Share your dilemmas and get honest opinions from other Mumsnetters.

To have not informed estranged family.

57 replies

Mmmcheese89 · 06/11/2024 18:48

18 months ago I had to have a broken bone fixed under general anaesthetic. It was an open procedure involving plates, pins and a cool scar.

I've been estranged from my entire family for over 10 years, so over 9 at the point of surgery. Estranged, no contact AT ALL. Any of them. Not surviving parent, sibling, grandparent or aunts/uncles. It's been a blissfully peaceful decade. The best of my life.

I had a fair bit of time off work and colleagues knew why. Upon my return one colleague in particular couldn't get past the fact I didn't contact my family to let them know. I went in to surgery alone, came out alone. The only non-clinical support I had was my neighbour kindly popping in to feed my pets when I wasn't allowed home same day as planned.

Every couple of months since it gets brought up by this colleague. They're young, still live at home, have very different life experience than me. Not a bad thing in any way.

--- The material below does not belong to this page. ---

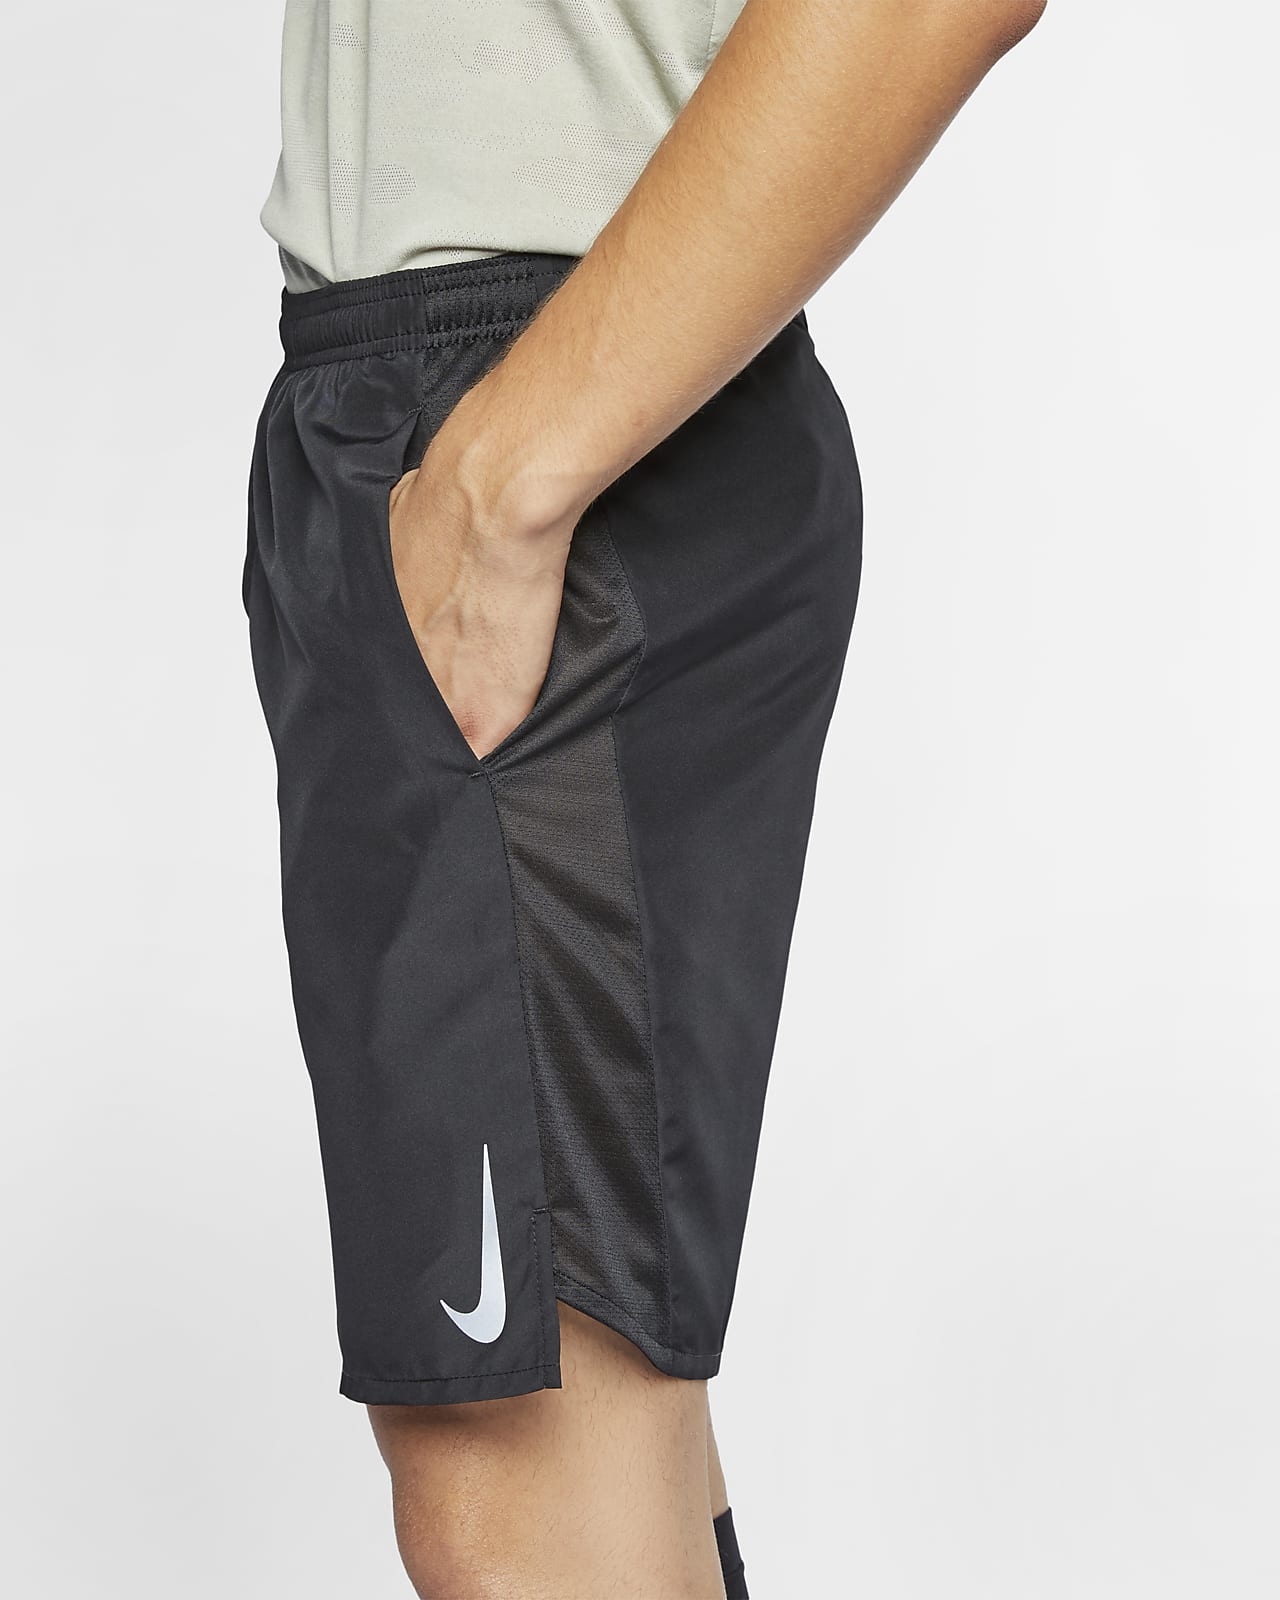 Brief-Lined Running Shorts. Nike LU

But she just keeps saying how she can't understand/believe I didn't contact them.

I've been polite and brushed it off. I've been stern and said 'Enough now. My private life isn't your concern. I'm evidently ok.' but she just keeps on. Management are ineffectual when I try to raise it further.

So. Even though I am strongly feeling I wasn't.

Was I being unreasonable not to notify my blood relatives of my accident and surgery?

OP posts:
ElaborateCushion · 11/11/2024 14:18

"Do you want me to piss you off so badly that you'll never want to speak to me again?? Maybe THEN you'll understand that there are circumstances when you stop talking to people."

or perhaps more kindly:

"Look - I'm delighted that you obviously have a much nicer family than mine, and can't imagine a scenario where you wouldn't speak to them, but believe me, you wouldn't want to know them either if I told you the whole backstory. You're just going to have to trust me that I did the right thing, but it's absolutely none of your business. I've been polite up until now, asking you to stop bringing it up, but you mentioning it yet again is wearing my patience very, very thin."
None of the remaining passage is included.